Maybe they are just selling old used shirts! lol - I have no idea how they do that it almost looks like a hot peel transfer that was left on too long before being peeled...


----------



## Rodney (Nov 3, 2004)

I think washink might do something like that: washink.com


----------



## acbottomline (May 3, 2007)

We produce all vintage wash treatments as well as a handful of other wet-processing techniques domestically.
Adam
Wash Ink


----------



## moxiesparadox (Apr 4, 2007)

There's a program from Mister Retro that washes out images. It's an awesome program.

Each disk has something like 60 variations for distressing images.

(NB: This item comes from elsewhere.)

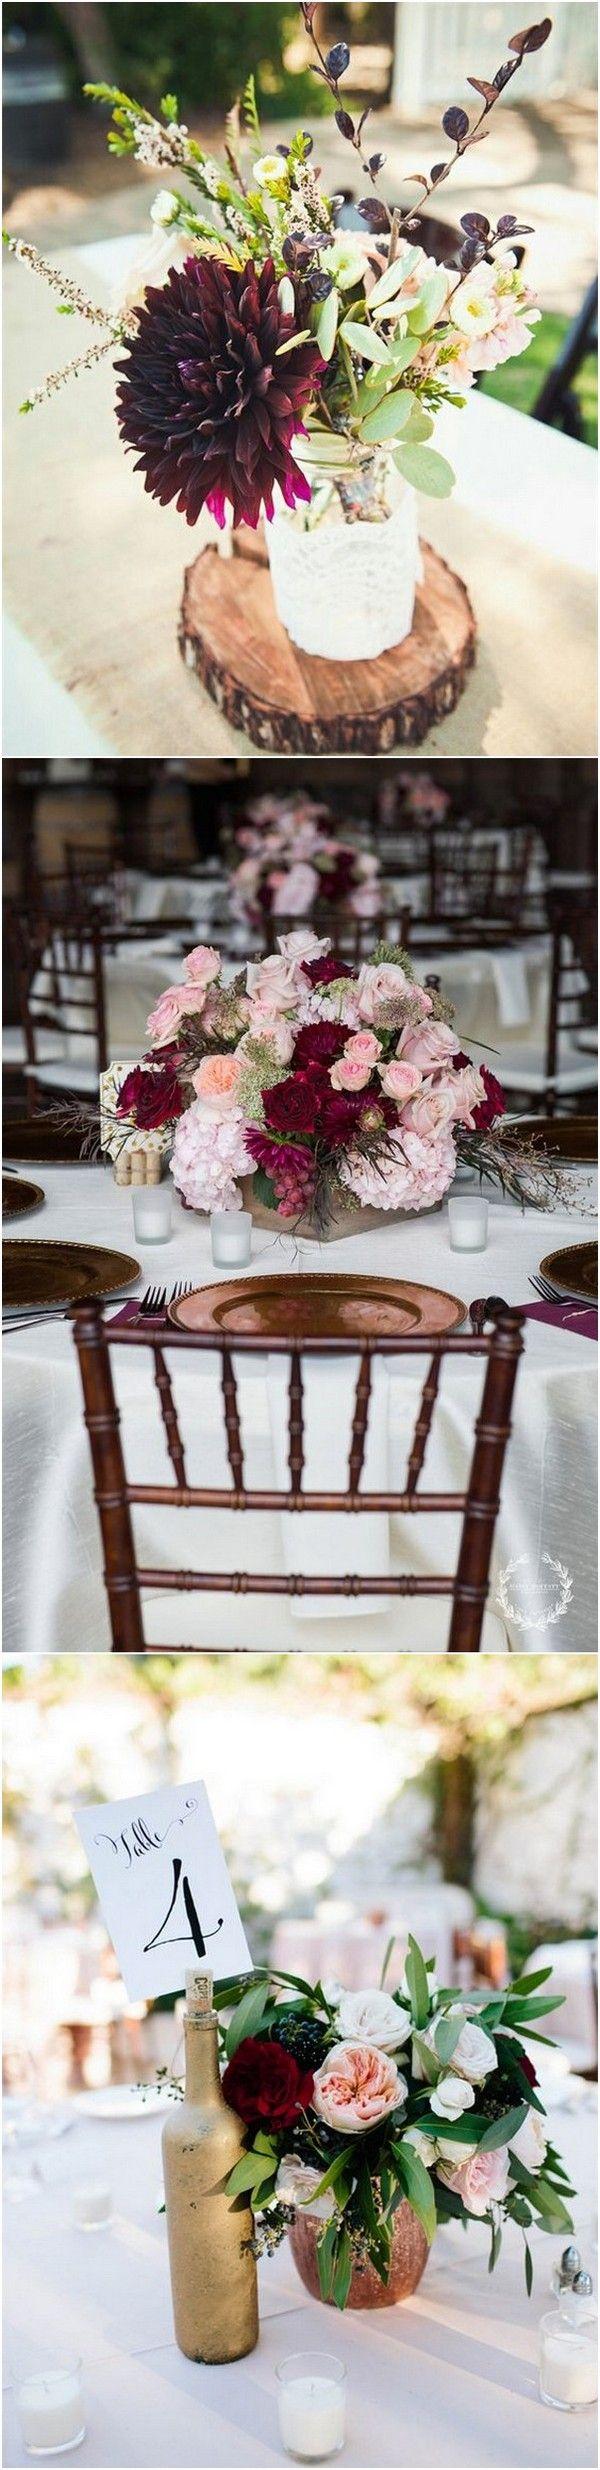 Outdoor fall wedding decor  Top  Burgundy Wedding Centerpieces for Fall   Pinterest

The cool thing is you can adjust which part of the image to distress.


----------



## Heidi (Sep 13, 2006)

I have not had any success getting the plugins from Mr. Retro to work in X3. I bought Machine Wash 1 and 3. Neither work but all my other plugins work fine.


----------



## Rodney (Nov 3, 2004)

Heidi said:


> I have not had any success getting the plugins from Mr. Retro to work in X3. I bought Machine Wash 1 and 3. Neither work but all my other plugins work fine.


I think the plugins from Mr. Retro are for photoshop only, not for CorelDraw.


----------



## Heidi (Sep 13, 2006)

All of the plugins that I use in Corel X3 were originally made for Adobe photoshop. I mistakenly assumed that this one work as well as the others do. I should have checked into it more carefully!


----------



## Rodney (Nov 3, 2004)

> All of the plugins that I use in Corel X3 were originally made for Adobe photoshop.


Interesting, I didn't know they worked across the different software programs.


----------



## norton169 (Jun 9, 2007)

I think it's distressing screen printing ,can be done with Illustrator


----------



## graphixdesigner (Jul 4, 2007)

acbottomline said:


> We produce all vintage wash treatments as well as a handful of other wet-processing techniques domestically.
> Adam
> Wash Ink


*LOVE* your website design!
PJ


----------